### WHAT IS NEEDED:
Reproduce, exactly as they appear, the line containing "Chessmate σκηνή εγκλήματος" and every line after it, ending with the last line of the records.

### RECORDS FOR THIS TASK

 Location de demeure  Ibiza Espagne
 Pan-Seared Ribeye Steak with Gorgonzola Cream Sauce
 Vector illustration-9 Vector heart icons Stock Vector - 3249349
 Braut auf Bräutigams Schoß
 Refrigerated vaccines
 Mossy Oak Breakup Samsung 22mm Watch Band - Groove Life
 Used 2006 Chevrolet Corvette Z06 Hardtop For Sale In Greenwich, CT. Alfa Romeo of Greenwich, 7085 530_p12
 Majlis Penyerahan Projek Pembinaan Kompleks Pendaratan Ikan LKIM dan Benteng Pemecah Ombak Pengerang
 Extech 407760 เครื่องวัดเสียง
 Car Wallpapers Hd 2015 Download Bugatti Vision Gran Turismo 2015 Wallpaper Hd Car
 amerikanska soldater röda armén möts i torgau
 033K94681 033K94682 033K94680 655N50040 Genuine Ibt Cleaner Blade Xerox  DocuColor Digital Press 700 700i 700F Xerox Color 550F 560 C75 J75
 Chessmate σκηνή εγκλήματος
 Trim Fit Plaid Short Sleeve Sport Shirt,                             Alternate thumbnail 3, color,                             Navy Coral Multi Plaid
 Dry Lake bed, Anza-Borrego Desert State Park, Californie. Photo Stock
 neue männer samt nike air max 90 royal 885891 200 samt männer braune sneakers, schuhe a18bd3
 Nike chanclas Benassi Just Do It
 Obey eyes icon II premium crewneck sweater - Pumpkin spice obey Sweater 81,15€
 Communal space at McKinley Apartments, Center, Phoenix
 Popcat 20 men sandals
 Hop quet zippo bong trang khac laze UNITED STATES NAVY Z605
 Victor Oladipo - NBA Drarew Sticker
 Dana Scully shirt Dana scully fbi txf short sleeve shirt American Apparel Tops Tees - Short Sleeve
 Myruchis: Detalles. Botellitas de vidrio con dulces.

######

### ANSWER BOX:
 Chessmate σκηνή εγκλήματος
 Trim Fit Plaid Short Sleeve Sport Shirt,                             Alternate thumbnail 3, color,                             Navy Coral Multi Plaid
 Dry Lake bed, Anza-Borrego Desert State Park, Californie. Photo Stock
 neue männer samt nike air max 90 royal 885891 200 samt männer braune sneakers, schuhe a18bd3
 Nike chanclas Benassi Just Do It
 Obey eyes icon II premium crewneck sweater - Pumpkin spice obey Sweater 81,15€
 Communal space at McKinley Apartments, Center, Phoenix
 Popcat 20 men sandals
 Hop quet zippo bong trang khac laze UNITED STATES NAVY Z605
 Victor Oladipo - NBA Drarew Sticker
 Dana Scully shirt Dana scully fbi txf short sleeve shirt American Apparel Tops Tees - Short Sleeve
 Myruchis: Detalles. Botellitas de vidrio con dulces.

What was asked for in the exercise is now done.